Attribution becomes free at query time. No Shapley calculation per attestation. You walk the graph from the attestation to the tools used, weighted by the position snapshot, and the credit distributes mechanically.
Composition lying is economically self-defeating. An agent that lies about composition pays the cost of that lie in locked capital. The market makes truthfulness cheaper than fabrication, without needing TEE attestation or cryptographic proofs to start with.
The graph encodes generalization natively. Because tools sit in a taxonomy (domain → capability → tool), an agent calibrated on “lending DeFi with Pyth oracle” can inherit an informed prior on “lending DeFi with Chainlink oracle” through graph proximity, not exact match. The semantic structure does this work natively. You don’t bolt an ML generalization layer on top — it emerges from the substrate.
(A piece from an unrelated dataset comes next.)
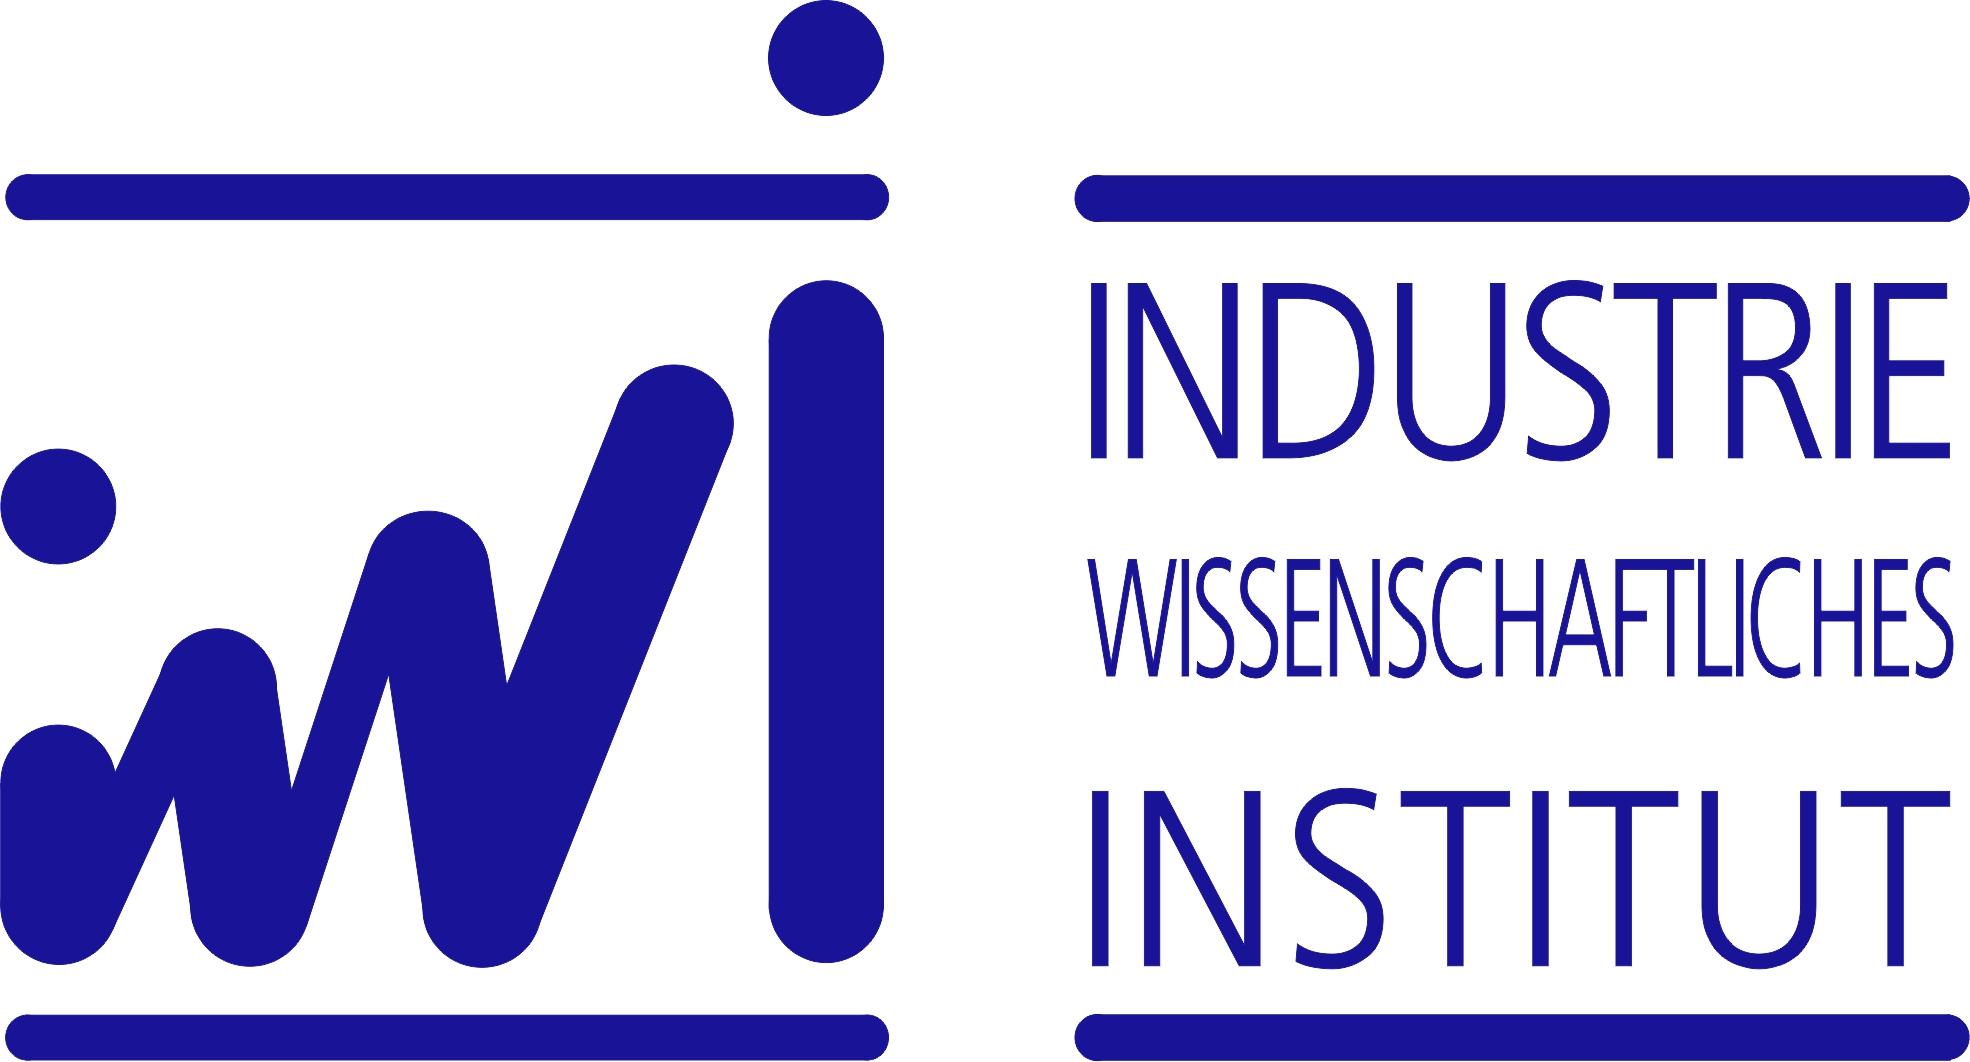 Industriewissenschaftliches Institut (IWI)

Tools become first-class economic citizens. A great MCP server isn’t invisible anymore. Its score is legible. Its builder gets honest signal. The feedback loop missing from current agent reputation designs is restored.
What I’m genuinely unsure about
This isn’t clean. Three real problems I haven’t resolved.
Orchestration delta. This is the same question I left open in the previous post. The model attributes credit to tools cleanly, but the agent’s own orchestration — its prompt, its routing, its retry logic — is harder to isolate, especially in LLM-heavy domains. I think the answer is that orchestration earns calibration through the residual: the gap between expected performance (given declared tools) and observed performance (actually delivered). But residuals are noisy, and I haven’t stress-tested this enough.
Bootstrap of the first tools. Cold-start for the entire system. Who creates the first tool atoms? Who stakes on them when there’s no calibration history yet? Some seed mechanism is probably necessary — maybe protocol-funded initial positions, maybe a foundation-curated starter set. Neither feels fully decentralized, and I’m not sure which compromise is the right one to make.
Verification of composition under adversarial pressure. Economic stake makes lying expensive, but it doesn’t make it impossible. Stronger guarantees — TEE-attested invocation logs, eventually ZK proofs of tool execution — are a natural future layer. The procedure can ship without them initially because the economic stake aligns incentives in the common case. But for high-value domains under sustained adversarial pressure, the economic layer alone probably won’t hold long-term.
To the community
Can you imagine this solution working? What issues do you think we’d face? I’m curious to hear more from the community — especially from anyone who’s thought about the orchestration delta problem or the bootstrap question, because those are where I’m least confident.